Background

Learn how the SeisFlows source code is structured and the design choices that went into building the package.


Modularity

SeisFlows is built on five core modules which each take care of a separate functionality. Most modules are independent, only relying on their own set of paths and parameters.

The exception to this is the Workflow module, which calls and combines the other modules within its own functions to solve the task at hand.

Within each module, a base Class defines the general functionality. Additional ‘child’ classes inherit and modify the ‘base’ class. The SeisFlows Modules are:

  • Workflow: Controls the order and execution of tasks performed during a workflow, e.g., first create working directory, then run simulations. (Base: seisflows.workflow.forward.Forward)

  • System: Compute system interface used to run SeisFlows on different computer architectures. A consistent internal structure makes it relatively seamless to switch between workstation and HPC workload manager implementations. (Base: seisflows.system.workstation.Workstation)
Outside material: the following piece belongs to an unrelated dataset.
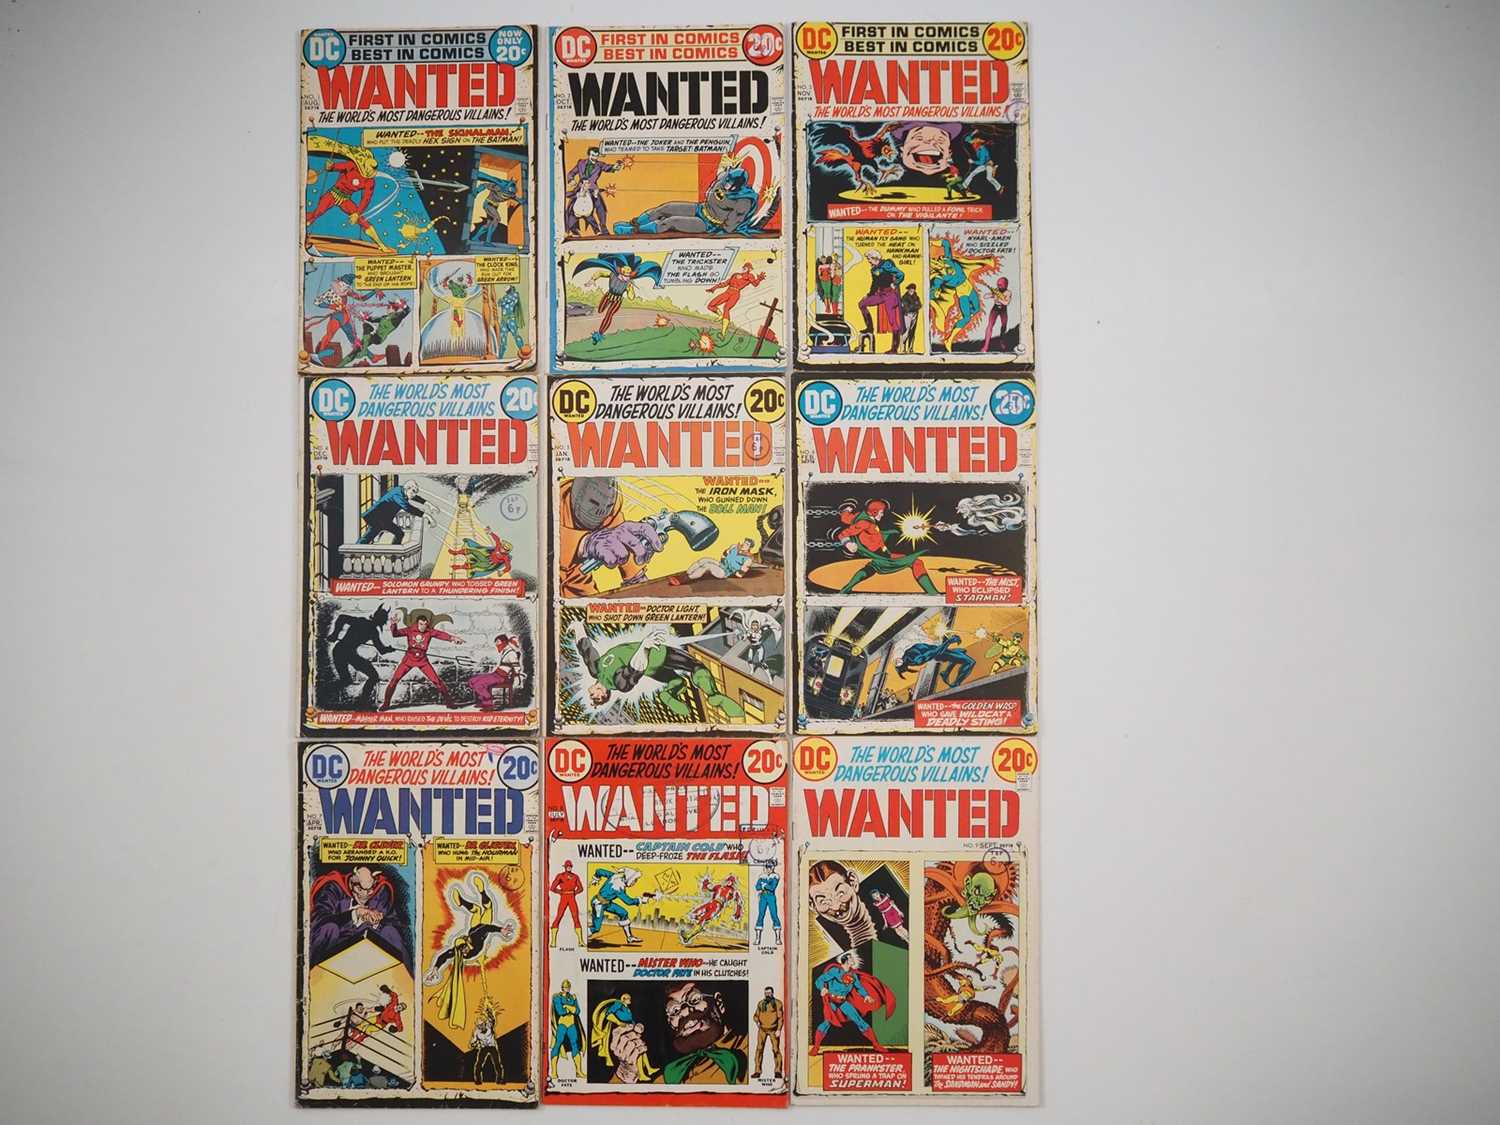 WANTED: THE WORLD'S MOST DANGEROUS VILLAINS #1, 2, 3, 4, 5, 6, 7, 8, 9 (9 in Lot) - (1972/1973 - DC)

  • Solver: Interface and wrapper for external numerical solvers used to generate models, synthetic waveforms, and gradients. (Base: seisflows.solver.specfem.Specfem)

  • Preprocessing: Signal processing operations performed on time series, as well as adjoint source generation and misfit windowing. (Base: seisflows.preprocess.default.Default)

  • Optimization: Nonlinear optimization algorithms used to find the minimum of a given objective function. (Base: seisflows.optimize.gradient.Gradient)


Inheritance in Python

SeisFlows is built upon the object-oriented programming concept of inheritance. This documentation page is a simple introduction to this concept to help new users and developers understand how SeisFlows3 is built and expected to operate.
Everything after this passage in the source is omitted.